Same goes for specializing. Do it if you like it. Not for the $$$. There's no happiness in a job that pays wel but you don't like it.

That's exactly what I wanted to hear. Great advice.

And I am guessing you love what you do now? You get to choose which procedures to do, you are the owner, and you feel professionally satisfied with your work?
 
In my opinion, the addition of more money of production/collections plateau doesn't really matter. You will get to a point where it's like Hmm.... If we drop molar endo we lose 2-3% collections... Is it worth the stress? Na let's drop it. I guess I could buy a new iPad with the money but I would rather be stress free. I would rather enjoy my job then be high strung.
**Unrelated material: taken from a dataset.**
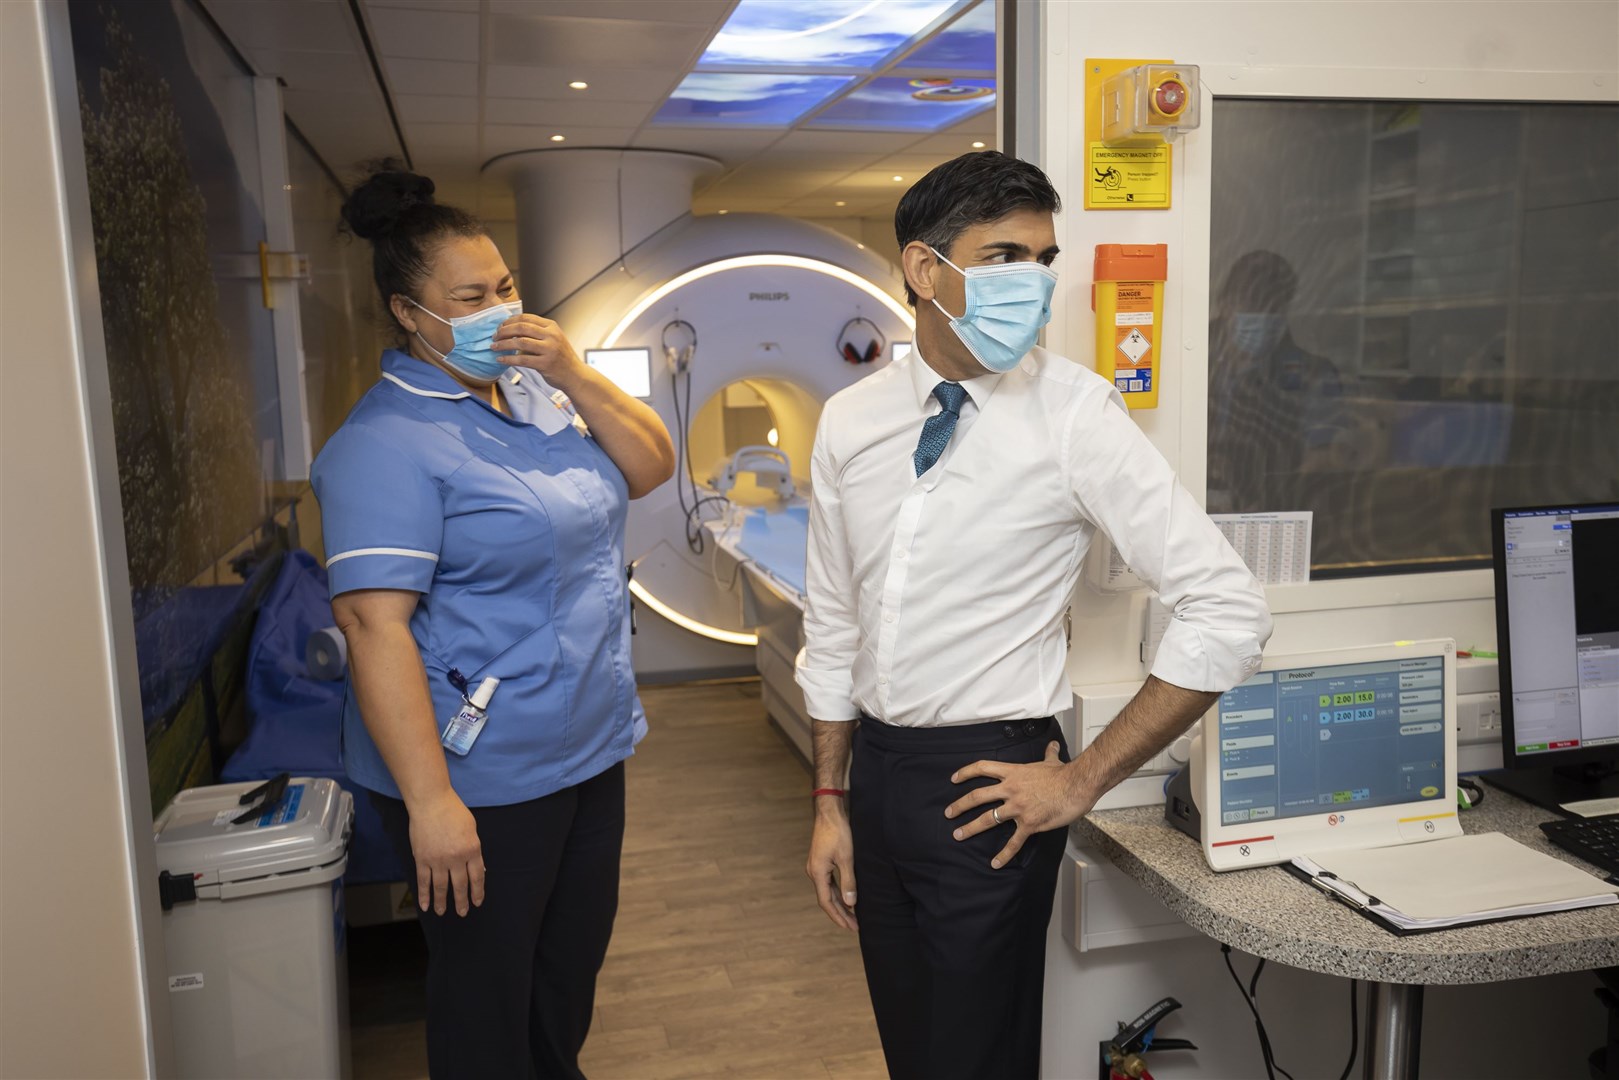 Prime Minister Rishi Sunak during a visit to Oldham Community Diagnostic Centre in Oldham, Greater Manchester. He said it was right to let the independent investigation conclude (James Glossop/The Times/PA)

Same goes for specializing. Do it if you like it. Not for the $$$. There's no happiness in a job that pays wel but you don't like it.
“Wealth is person dependent.” ☝️
 
That's exactly what I wanted to hear. Great advice.

And I am guessing you love what you do now? You get to choose which procedures to do, you are the owner, and you feel professionally satisfied with your work?

Job is a job. I don't think many people ever find their true passions/love-to-do job. Dentistry is tolerable. Nice to be your own boss and have autonomy. Good money on 4 day week. I can make room to play Overwatch or Dota on the weekends. Don't have to be on-call or do 60 hour tech hour weeks.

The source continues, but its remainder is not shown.